The Node.js Way of Doing Things
To understand how Node.js changes the method demonstrated in the preceding section into a nonblocking, asynchronous model, first look at the setTimeout function in JavaScript. This function takes a function to call and a timeout after which it should be called:
// blah setTimeout(function () { console.log("I've done my work!"); }, 2000); console.log("I'm waiting for all my work to finish.");
If you run the preceding code, you see the following output:
I'm waiting for all my work to finish. I've done my work!
I hope this is not a surprise to you: The program sets the timeout for 2000ms (2s), giving it the function to call when it fires, and then continues with execution, which prints out the “I’m waiting...” text. Two seconds later, you see the “I’ve done...” message, and the program then exits.
Now, look at a world where any time you call a function that needs to wait for some external resource (database server, network request, or file system read/write operation), it has a similar signature. That is, instead of calling fopen(path, mode) and waiting, you would instead call fopen(path, mode, function callback(file_handle) { ... }).
Now rewrite the preceding synchronous script using the new asynchronous functions. You can actually enter and run this program with node from the command line. Just make sure you also create a file called info.txt that can be read.
var fs = require('fs'); // this is new, see explanation var file; var buf = new Buffer(100000); fs.open( 'info.txt', 'r', function (handle) { file = handle; } ); fs.read( // this will generate an error. file, buffer, 0, 100000, null, function () { console.log(buf.toString()); file.close(file, function () { /* don't care */ }); } );
The first line of this code is something you haven’t seen just yet: The require function is a way to include additional functionality in your Node.js programs. Node comes with a pretty impressive set of modules, each of which you can include separately as you need functionality. You will work further with modules frequently from now on; you learn about consuming them and writing your own in Chapter 5, “Modules.”
If you run this program as it is, it throws an error and terminates. How come? Because the fs.open function runs asynchronously; it returns immediately, before the file has been opened, and you have the handle value returned to you. The file variable is not set until the file has been opened and the handle to it has been received in the callback specified as the third parameter to the fs.open function. Thus, it is still undefined when you try to call the fs.read function with it immediately afterward.
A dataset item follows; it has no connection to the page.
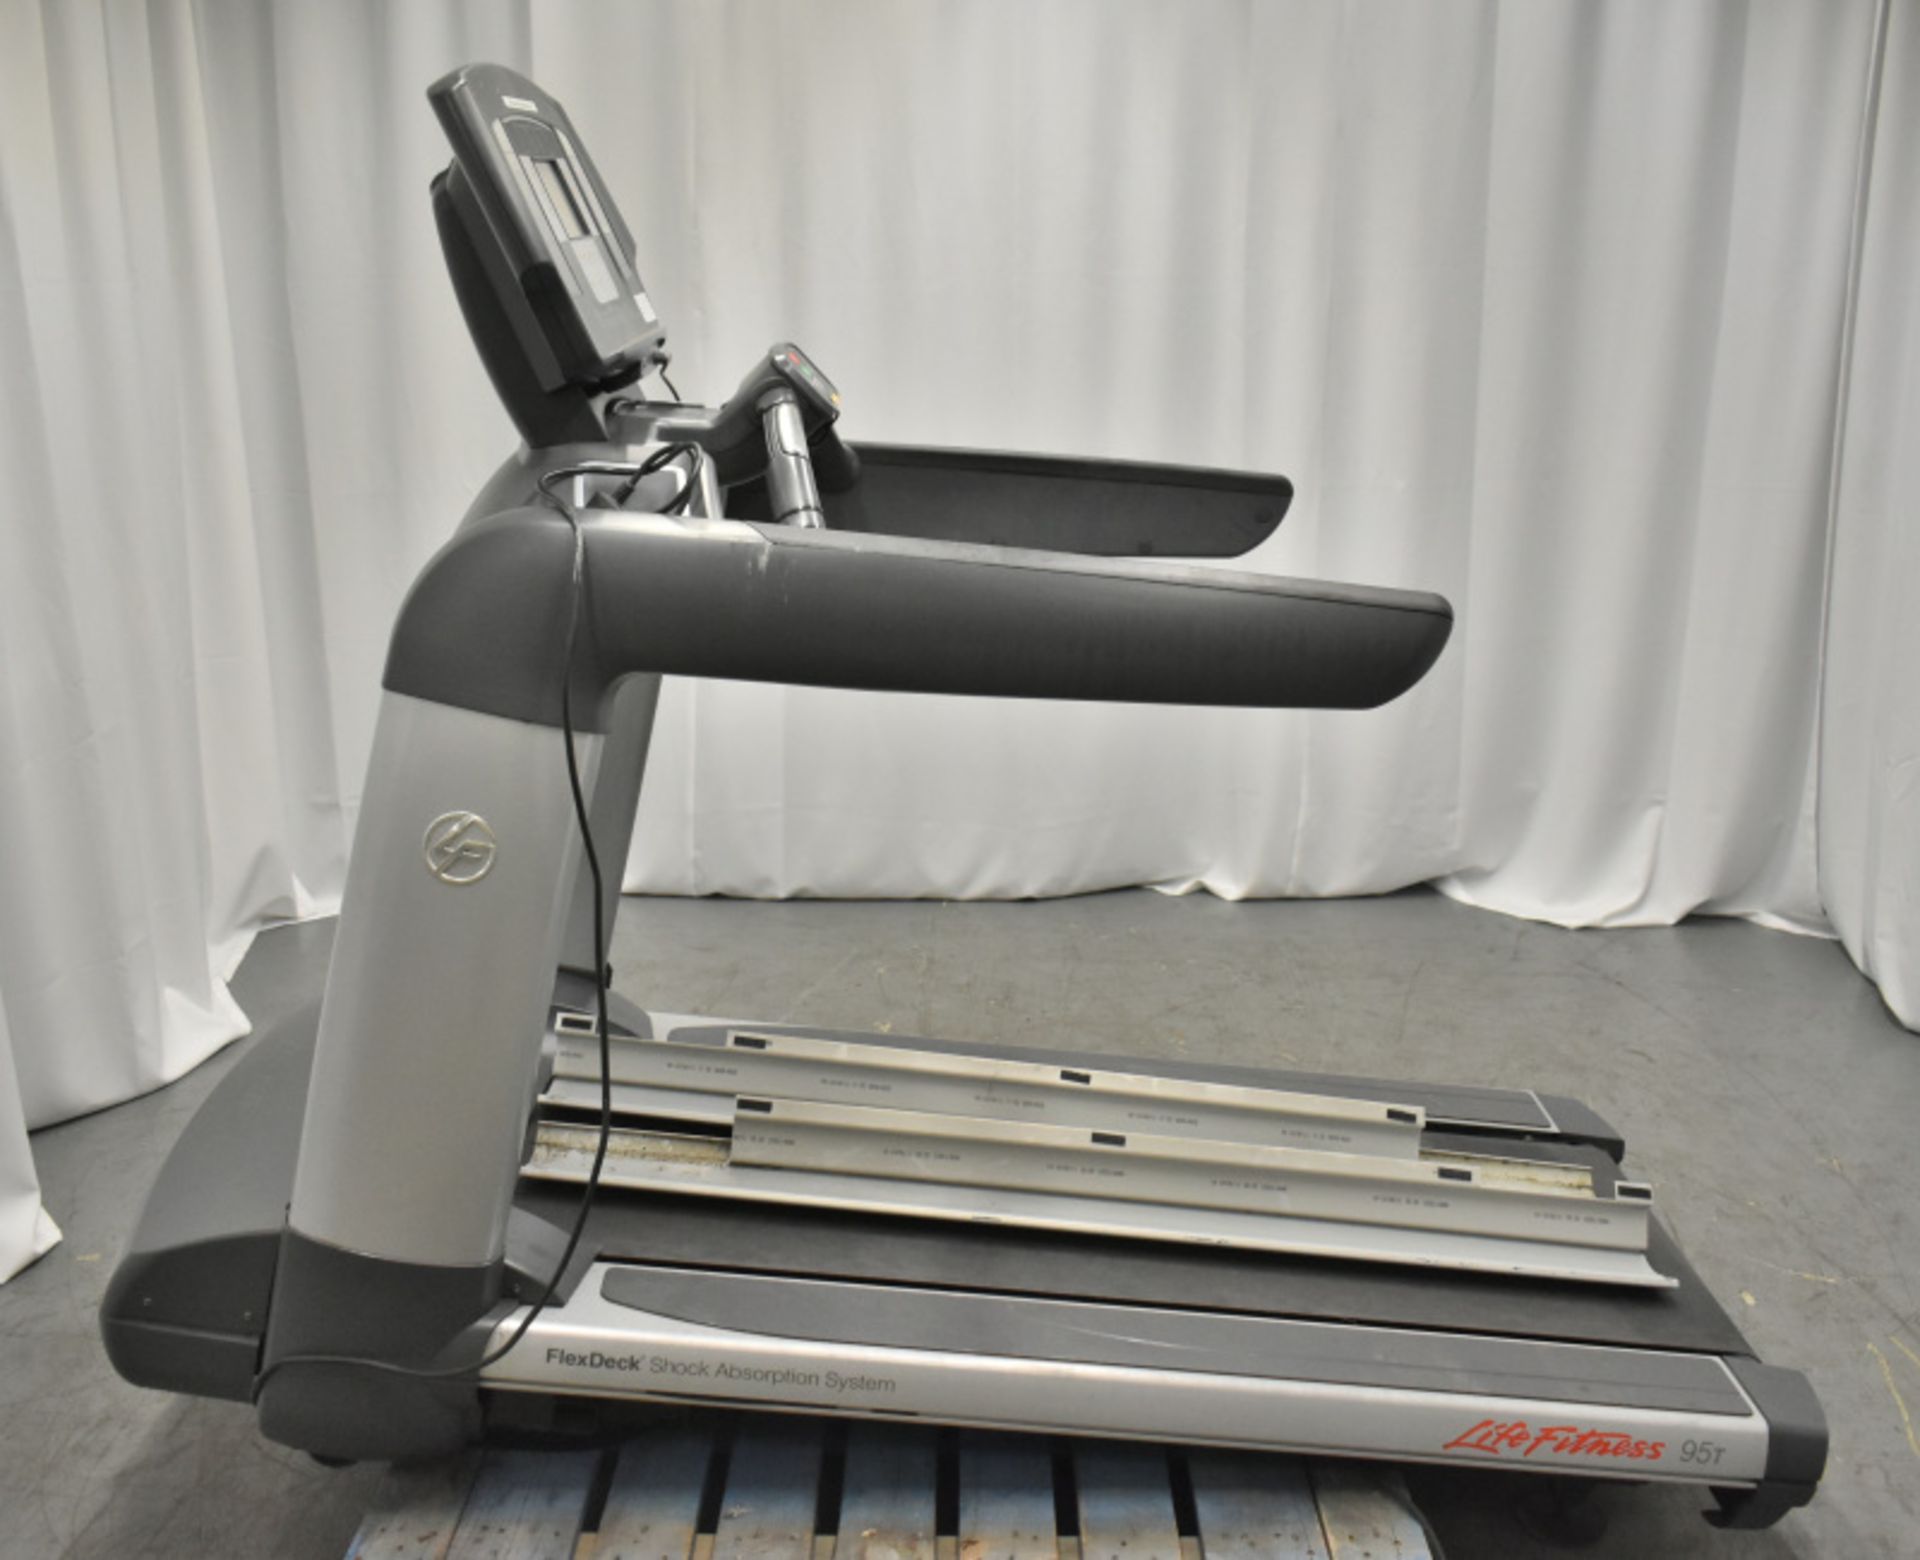 Life Fitness 95T FlexDeck Treadmill - Powers Up Functions Not Tested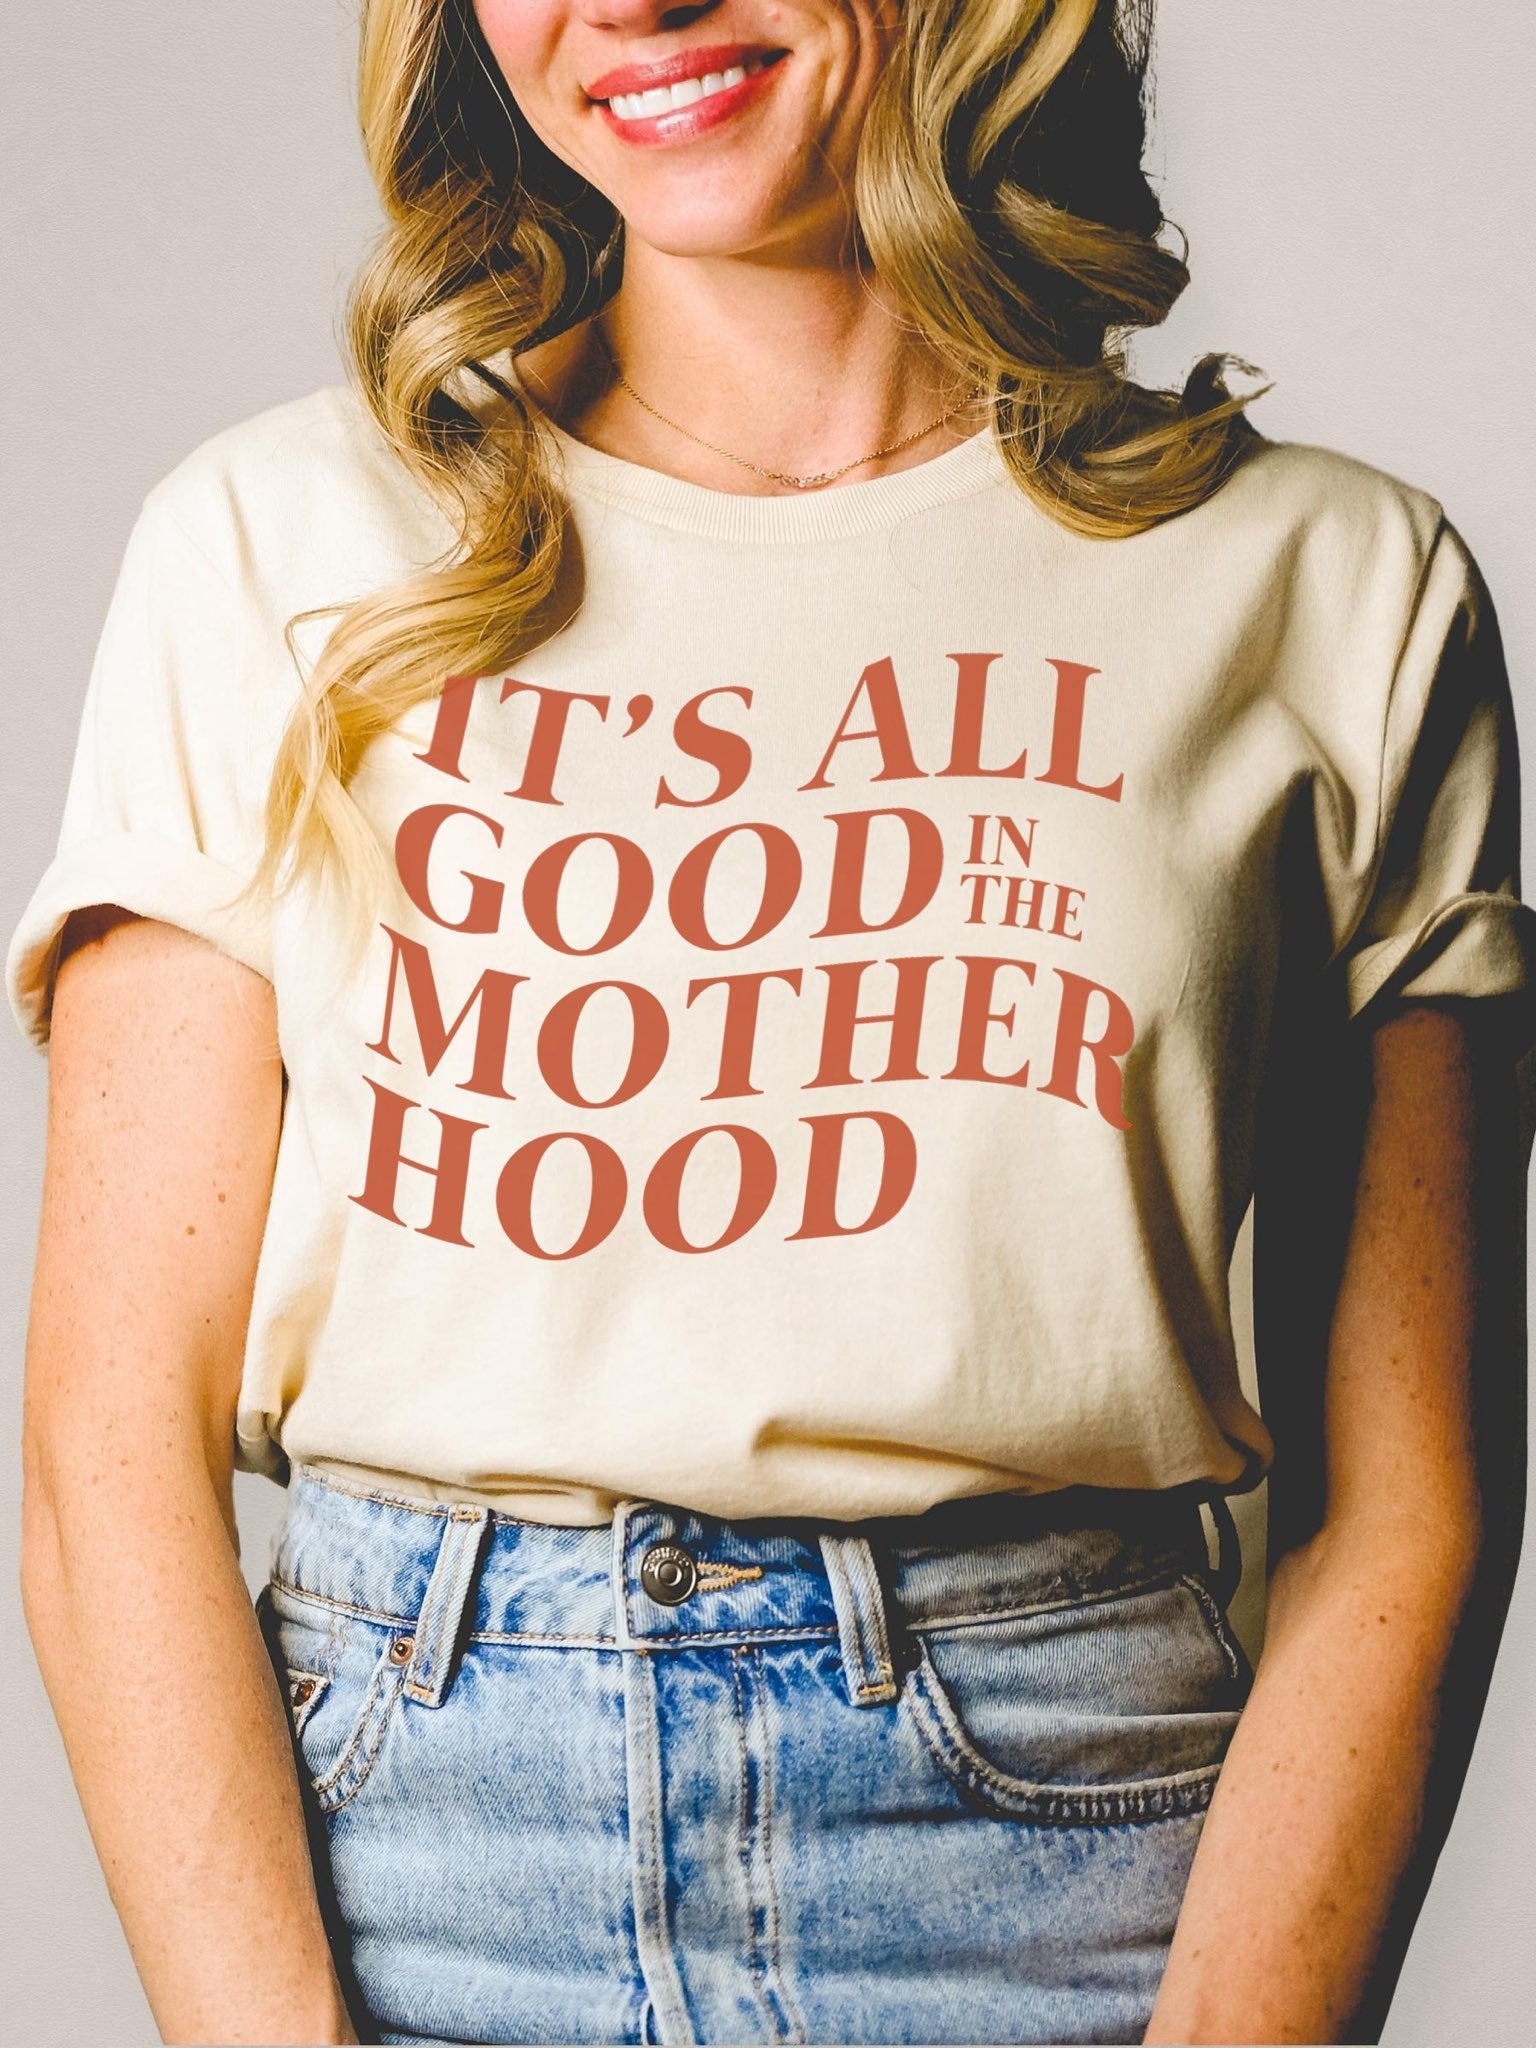 It's Good in the Mother Hood | Women's T-Shirt | Ruby's Rubbish®

Fixing this program is easy:
var fs = require('fs'); fs.open( 'info.txt', 'r', function (err, handle) { // we'll see more about the err param in a bit var buf = new Buffer(100000); fs.read( handle, buf, 0, 100000, null, function (err, length) { console.log(buf.toString('utf8', 0, length)); fs.close(handle, function () { /* don't care */ }); } ); } );
The key way to think of how these asynchronous functions work is something along the following lines:
- Check and validate parameters.
- Tell the Node.js core to queue the call to the appropriate function for you (in the preceding example, the operating system open or the read function), and to notify (call) the provided callback function when there is a result.
- Return to the caller.
You might be asking: If the open function returns right away, why doesn’t the node process exit immediately after that function has returned? The answer is that Node operates with an event queue; if there are pending events for which you are awaiting a response, it does not exit until your code has finished executing and there are no events left on that queue. If you are waiting for a response (either to the open or the read function calls), it waits. See Figure 3.2 for an idea of how this scenario looks conceptually.
Figure 3.2. As long as there is code executing or somebody is waiting for something, Node runs.